Mine new cases from production traces, not your imagination. The cases you invent reflect failures you can already picture. The cases in your AgentLens traces reflect what users actually trigger. Promote real, surprising traces into the held-out set continuously, so the suite keeps measuring a moving target instead of a frozen one.

The uncomfortable conclusion

A green eval dashboard is not evidence that your agent is good. It is evidence that your agent satisfies your evals — and those are only the same thing while you're actively defending the gap between them.

The teams that ship reliable agents aren't the ones with the highest pass rates. They're the ones who can pull up any green checkmark and explain, from the trace, exactly why it earned the pass. agent-eval gives you the verdict; AgentLens gives you the receipt. Keep them bound together, keep a real held-out set, and your dashboard might actually keep meaning something six months from now.

Most won't. Now you know why.

Top comments (2)

Armorer Labs • Jun 21

This is the uncomfortable eval problem in one sentence: the metric becomes the target and then stops measuring the behavior you cared about.

The dashboard needs adversarial pressure and periodic replay against real failures.

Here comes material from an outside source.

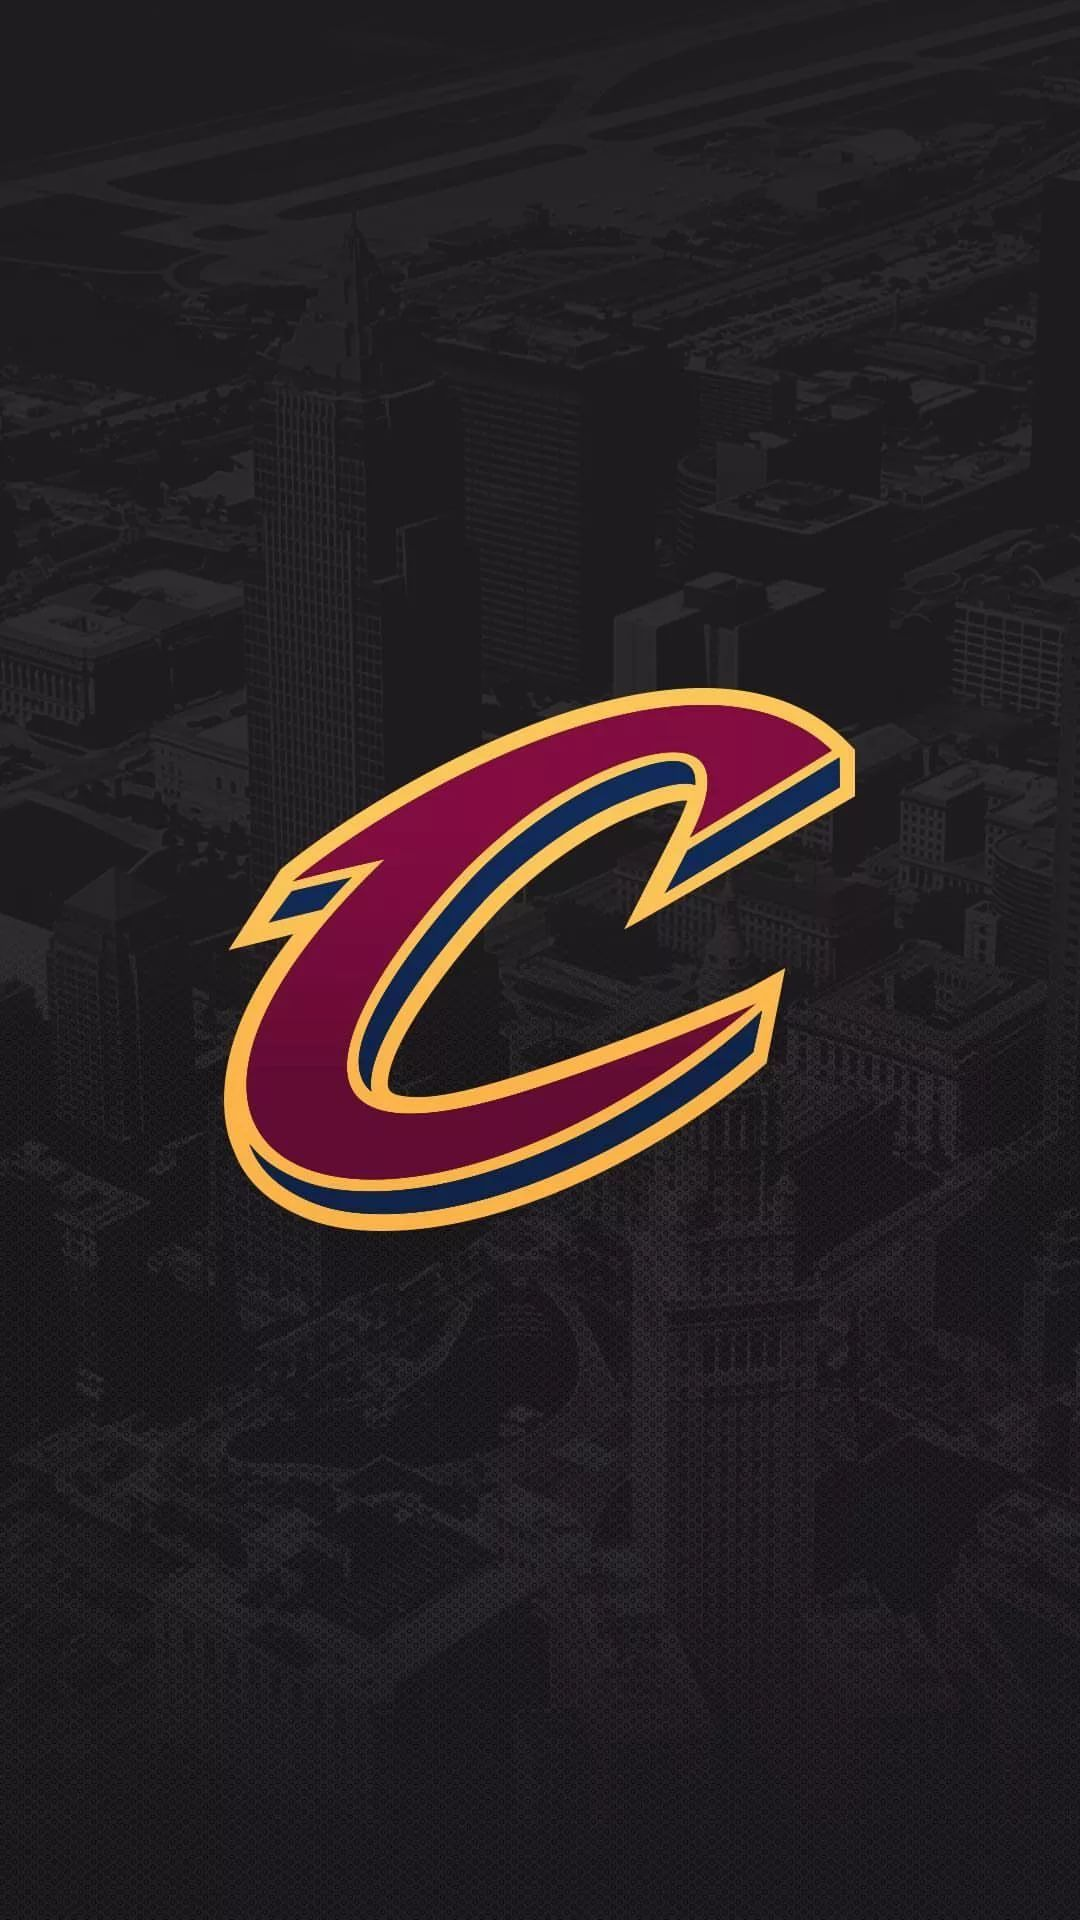 Cleveland hd iPhone 6 wallpaper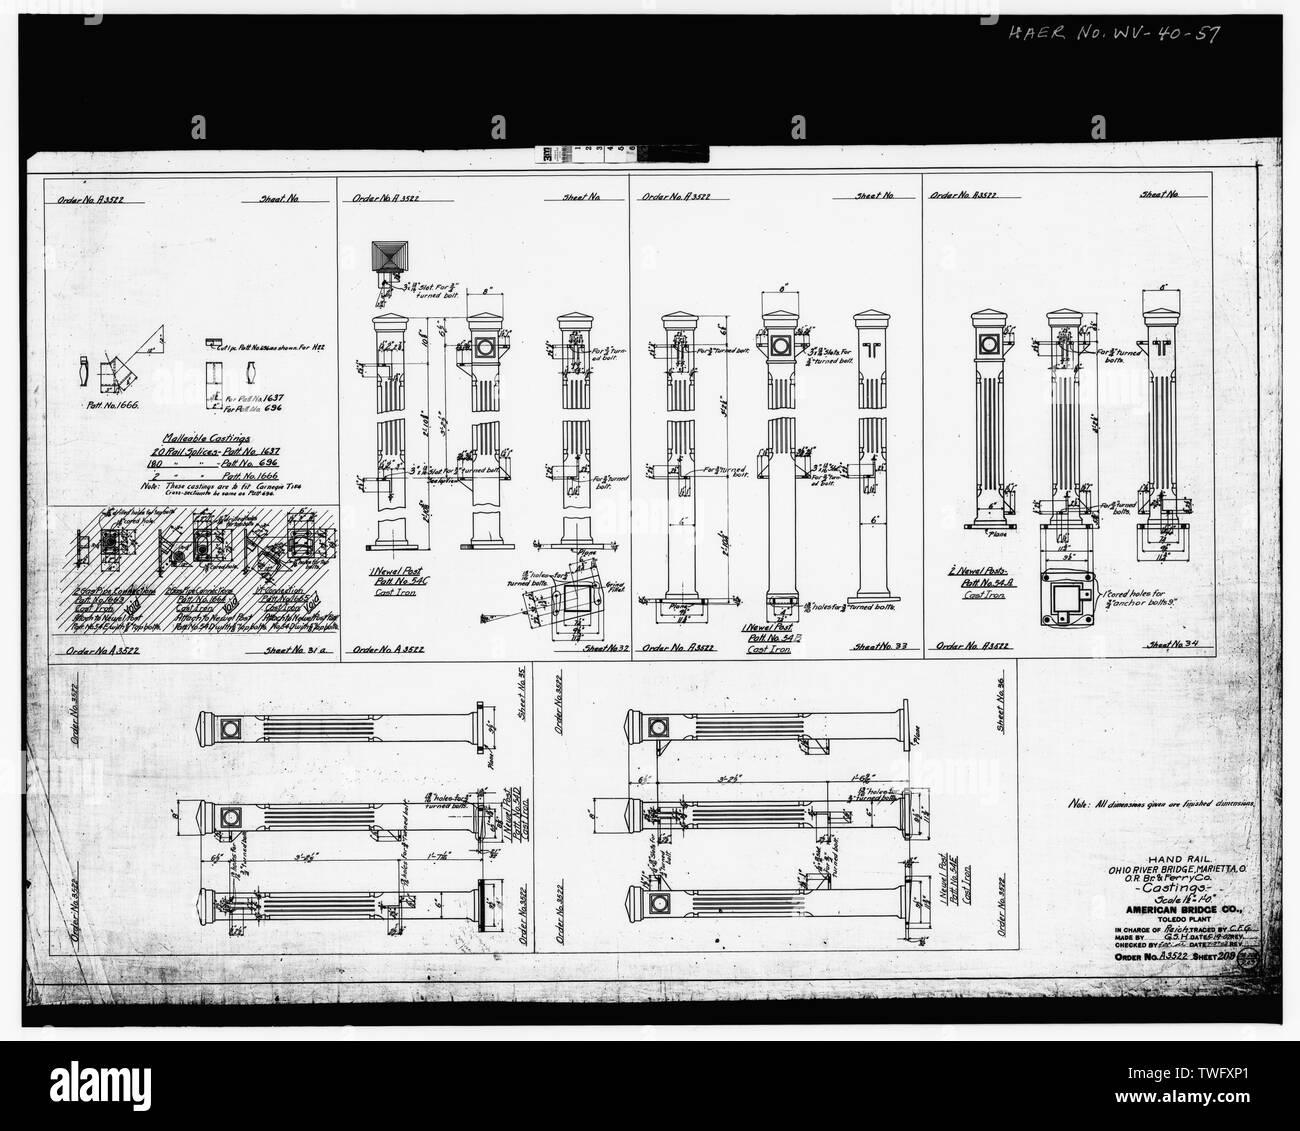 Plan Sheet -209 - Williamstown-Marietta Bridge, Spanning Ohio River between Williamstown and Marietta, Williamstown, Wood County, WV; American Bridge Company; Strobel, Charles L; Ripley, T M - Stock Image

I would also keep sampled receipts from production-like runs: what the agent saw, what tools it called, what evidence it used, and why the evaluator passed it.

A green number without inspectable examples is too easy to trust for too long.

Maya Andersson • Jun 23

Goodhart hitting eval suites once they become release gates is real, and the held-out set helps, but the quieter failure is the judge itself drifting as you tune prompts toward whatever it happens to reward. Before trusting a green dashboard I would want the inter-rater reliability between the LLM judge and a human-labeled sample tracked over time, since a rising score with a falling Cohen's kappa means you are overfitting the judge, not improving the agent. Are you stratifying the held-out set by failure mode, because a single aggregate pass rate can stay flat while a specific slice quietly collapses?